The exciting and fun thing about beauty treatments and skin care methods is how they are constantly changing. Experts and researchers are unearthing new ways to fight the signs of aging (yay!) , battle the ravages of environmental damage and help us to have smooth, radiant skin. Living in Asia has exposed me to some of them, but, boy, was I surprised with some of these new trends.
Let’s take a look at three of the hottest trends in youth-preserving facial skin care treatments, featuring some rather surprising ingredients!
I thought charcoal was used just for barbecuing, but when used in skin care products, including face masks and creams, activated charcoal draws chemicals, dirt, toxins and other micro-particles to the surface of the skin. While the charcoal is not absorbed or metabolized by your body, activated charcoal powder is proven to absorb thousands of times its own mass in harmful substances.
“One of the central factors that has been proven beyond any doubt to cause premature skin aging is overexposure to UV radiation. However, other potential contributors to this process can include smog, pollution, cigarette smoke as well as other particulates in the air,” says Dr. Zoe Draelos, M.D., consulting professor of dermatology at Duke University School of Medicine.
Throughout the day, toxins like oil and dirt clog your pores, making them appear bigger. Activated charcoal binds to and helps remove the dirt from your pores, leaving your face feeling fresh. NOTE: I always use a gentle exfoliating scrub to clear away dead skin cells before I use any of my facial masks.
Experts say that the theory of activated charcoal acting as a magnet to attract and absorb oil and dirt is correct. “When dirt and oil in your pores come in contact with the carbon, they stick to it and then get washed away when you rinse,” explains cosmetic chemist Ni’Kita Wilson.
Like most things in life, you need to be careful not to overuse products with charcoal in them. There have been reports of activated charcoal causing mild constipation (yikes!).
Probiotic Skin Care
Up until now I have only eaten yogurt for the probiotics for a healthy gut and because it tastes so good. But new studies have shown that a connection exists between bacteria in the gut and skin conditions, specifically the benefits of probiotics for protecting the skin against photoaging. In a previous article, I outlined the youth-preserving benefits of fermented foods, including probiotics, but a growing body of evidence now points to the value of topical probiotics for treating everything from acne to wrinkles and aging skin.
Essentially, probiotics are about restoring balance; using ‘good’ bacteria to cancel out the not-so-great bacteria which build up as a result of dirt and pollutants in the air. These ‘bad’ bacteria block pores and cause acne breakouts, but by allowing beneficial bacteria to colonize the skin, you’ll be reducing irritation and inflammation. The Journal of Cosmetic Science found that a solution containing 5 percent lactobacillus – commonly found in yogurt – was effective at treating acne.
Further studies are being carried out on the skin care benefits of bacteria, including lactobacillus and bifidobacterium, and you can expect the market to be inundated with more brands featuring probiotic ingredients in their products. “Brands already have us rethinking traditional cleansing and skincare regimes, and we expect this category to snowball in 2017 as product innovation continues,” says Chrissy Hilton-Gee, senior beauty researcher at trendstop.com.

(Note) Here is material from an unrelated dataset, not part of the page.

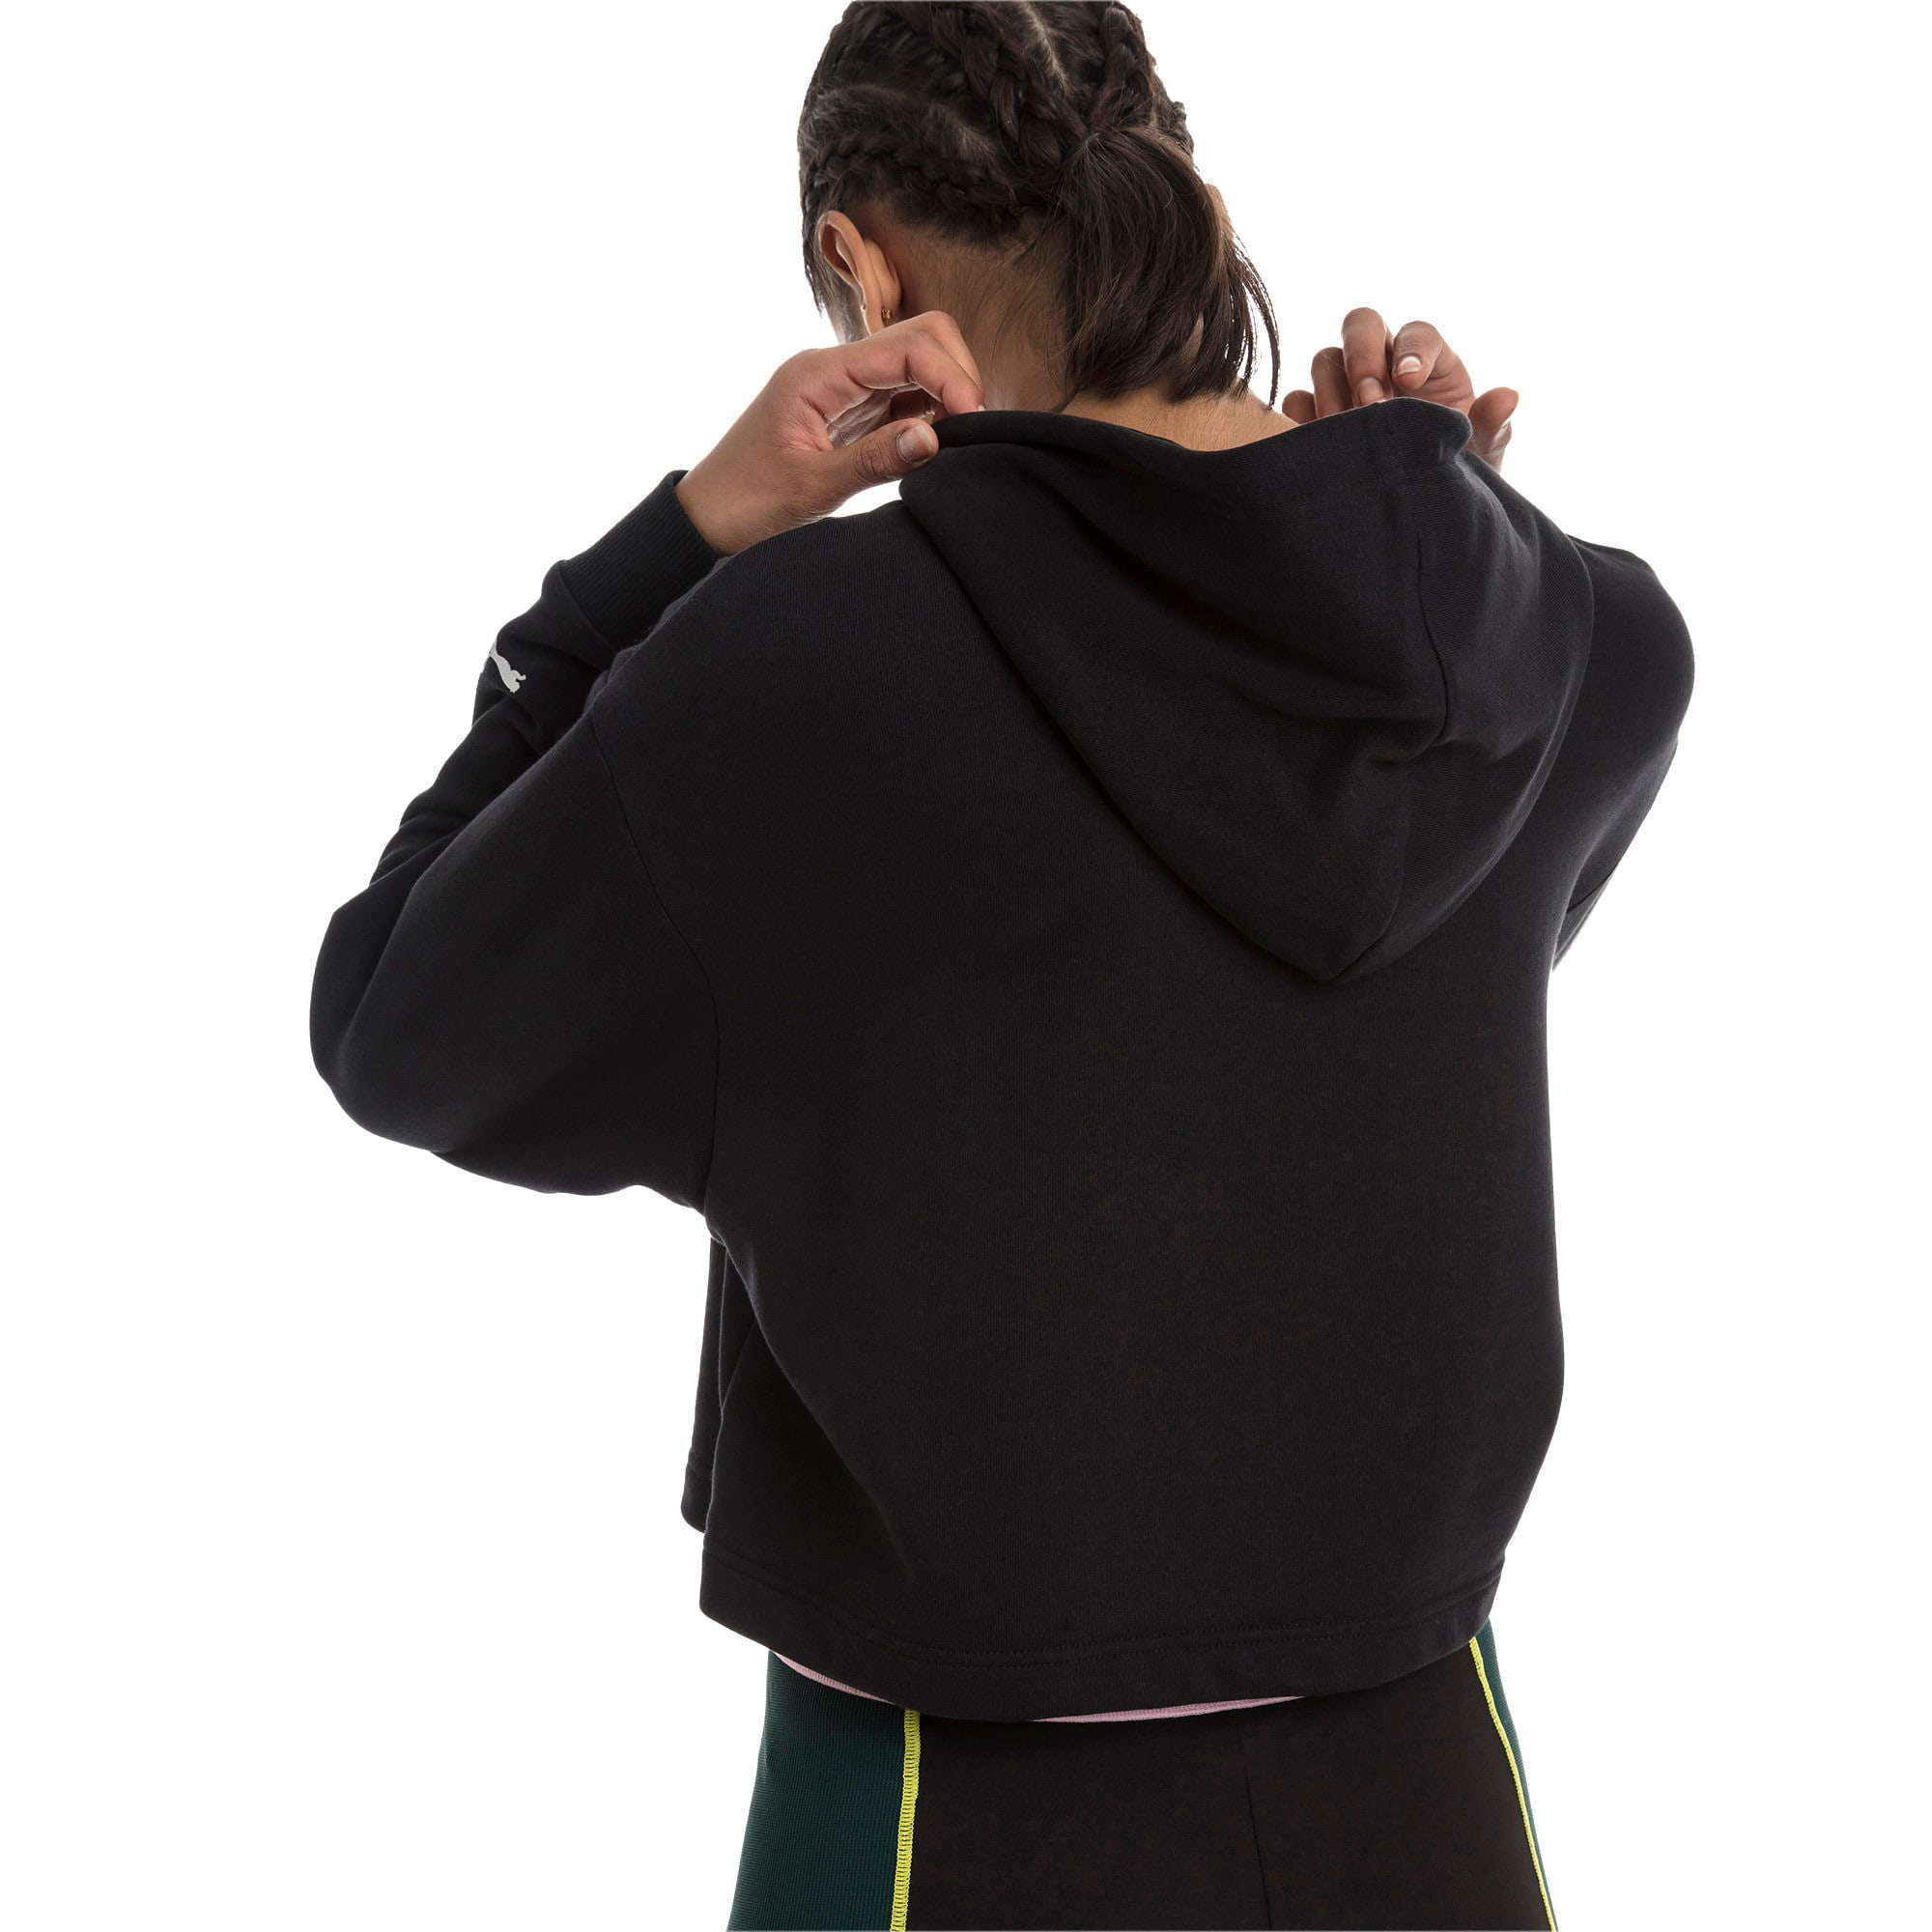 Thumbnail 2 of Trailblazer Women's Hoodie, Cotton Black, medium

If you can’t handle the thought of eating escargot, I am not sure how you will feel about this one. But try not to let this one gross you out. The use of snails as part of a skin care routine is not new – ancient Greeks were using crushed up snails in ointments to heal skin thousands of years ago. Even my Chilean-French beautician Gloria Salinas told me today that slugs have been used in skincare in her country for hundreds of years. You can thank recent Korean beauty trends for the re-emergence of snail skin care, and thankfully for us (and the snails) modern methods no longer involve crushing the snails. You may also be pleased to learn skin care products featuring snail slime don’t smell disgusting, and they look and feel like regular, non-snail-based products.
The demand for snail slime is growing, with Italy being seen as a key player in the market, producing 44,000 tons of snails every year. “In the last ten months alone, we’ve seen a 46 percent increase in snail slime, due to demand from the cosmetics industry,” says Simone Sampo, the president of Italy’s National Heliciculture Association. FYI, no snails are harmed in this process and are even fed a plant-based diet!
The technical term for the beneficial element of snail slime is mucin, and it’s this heavily glycosylated protein that is the key to its popularity. “Much in the way that their mucin protects their delicate little snail feet from environmental hazards such as rough surfaces, bacteria and UV-rays and keeps them moist in dry conditions, many of the nutrients in snail mucin can also be absorbed by our skin for similar effects,” says the team at MISSHA, a beauty and skin care company based in Korea. “Regular use of snail mucin has been shown to fade acne scars and hyperpigmentation, moisturize and firm skin, clear complexion, and minimize pores.” Now the French have another reason to love escargot.